Ken Kutaragi had no complaints about this.

He himself did not like that kind of flashy, showbiz style.

In his view, spending millions of dollars on a pop singer was not as good as using it to subsidize third-party development kits.

He took the lead in organizing this small technical seminar.

Sitting in the audience were dozens of North American game developers, technology-oriented media reporters, and the heads of several third-party studios who were waiting on the sidelines.

He drew a simple system architecture diagram on the whiteboard.

"PlayStation's GTE, or Geometry Transformation Engine, is specifically responsible for handling polygon coordinate transformation and lighting calculations." Kutaragi tapped the whiteboard with his marker, speaking quickly without any polite opening remarks. "You used to be accustomed to stacking sprite layers when making games on 16-bit consoles. Now, throw all of that away. The underlying logic of 3D games is vertices and matrices."

A programmer in the audience raised a hand to ask about limitations on memory usage.

"Two megabytes of main memory isn't enough?" Ken Kutaragi countered, writing a number on the whiteboard. "Increase the texture compression rate. We've provided specialized VRAM management tools. Don't shove all your assets into memory at once; learn to utilize the read speed of the optical drive for streaming. That's how Namco's Ridge Racer runs."

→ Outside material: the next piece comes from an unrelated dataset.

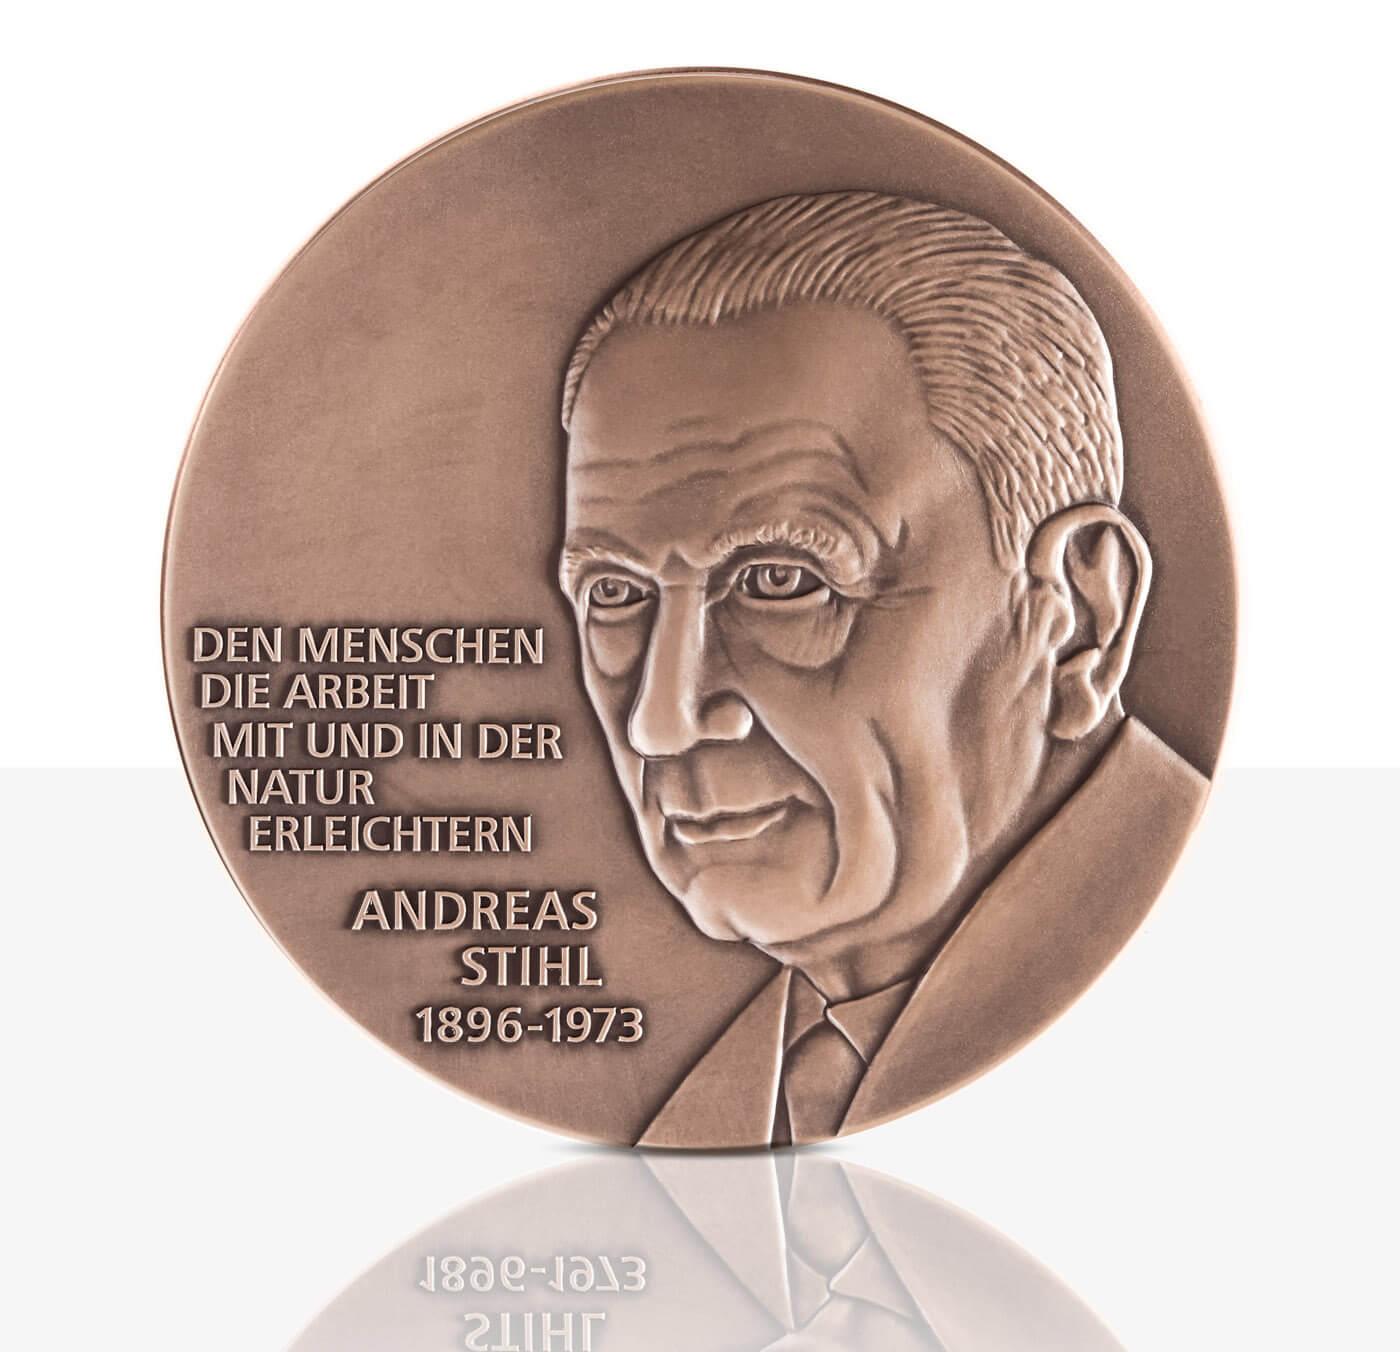 Andreas Stihl Hochrelief Medaille Bronze Staatliche Münzen Baden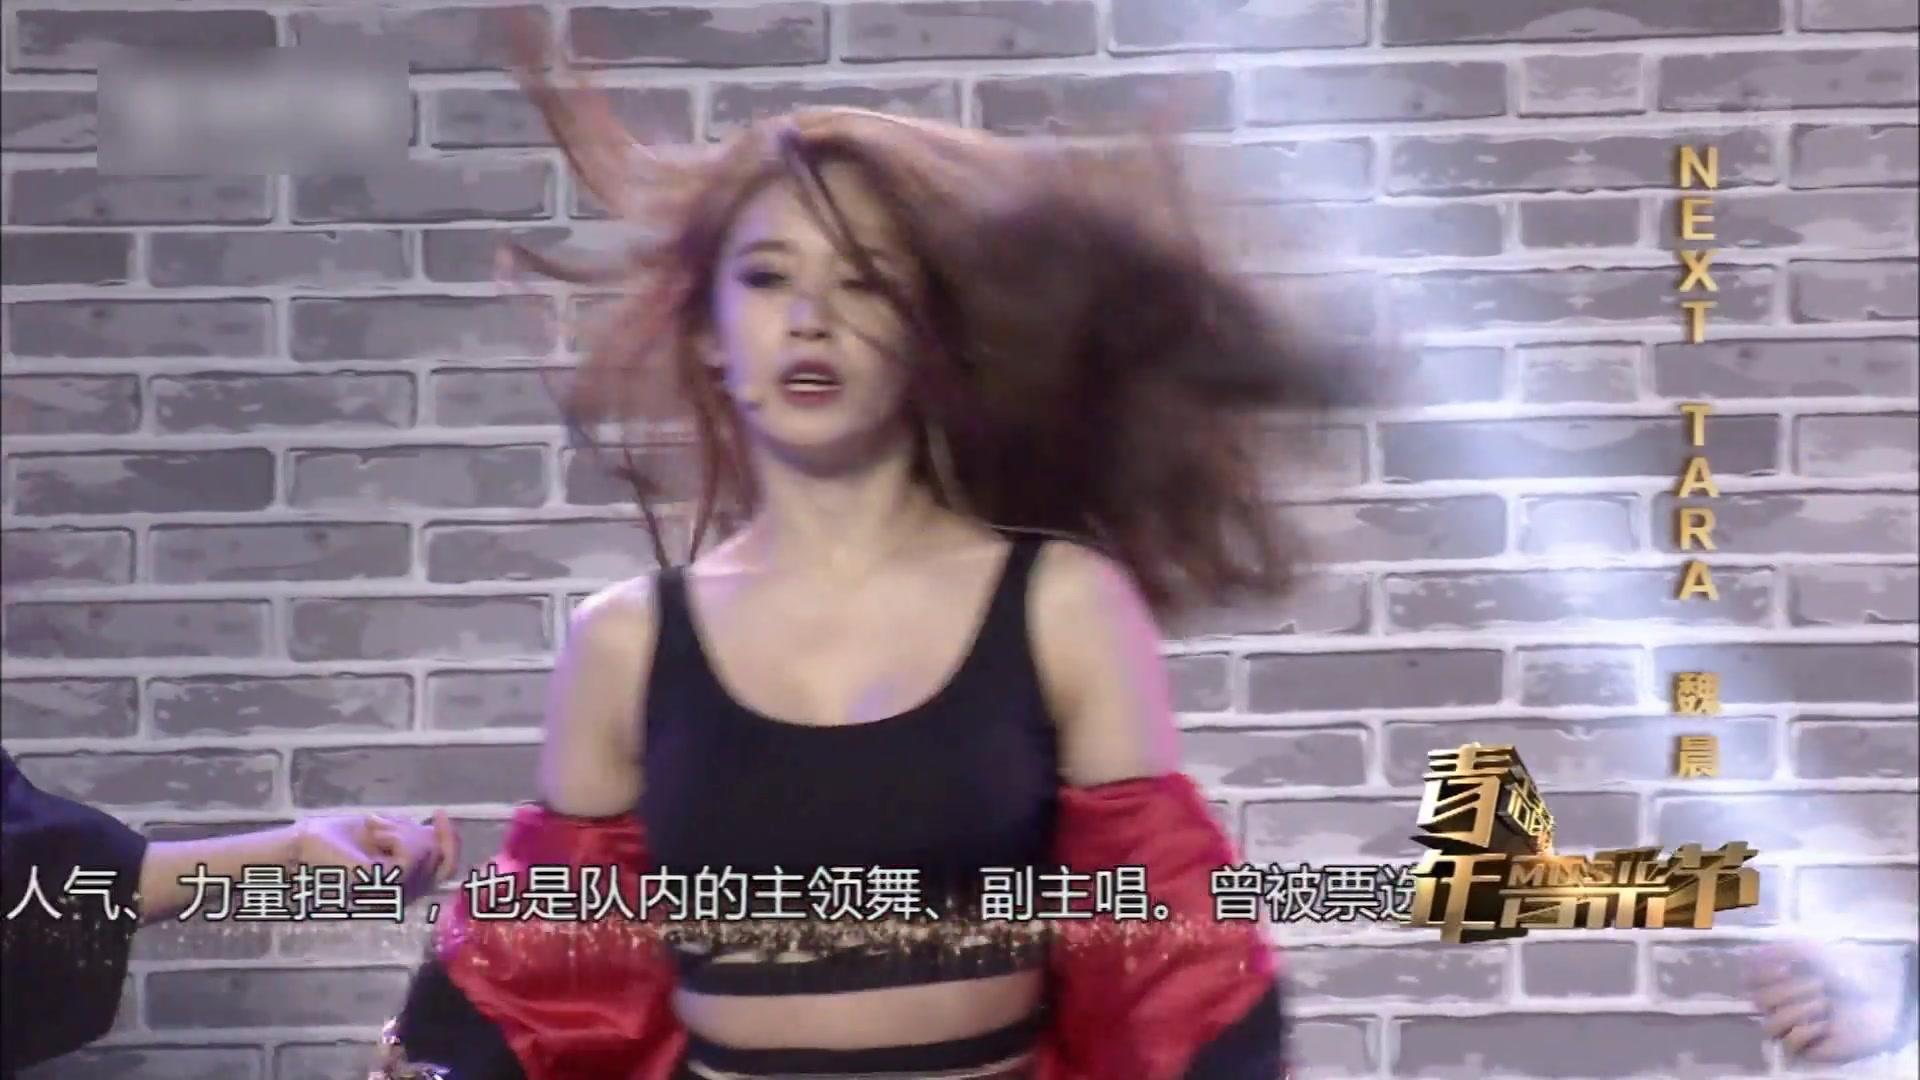 智妍+Tara_Cut(黑衣独舞).mp4

His answer hit the nail on the head.

No PR jargon, just a direct conversation between engineers.

"Regarding the development environment, I know what you're worried about," Kutaragi said, putting down the marker and looking at the audience. "Sony provides full support for C language libraries. You don't need to get bogged down in assembly language. As long as you have good 3D concepts, Sony's development kits will allow you to run a playable demo within three months. Efficiency is always a good thing."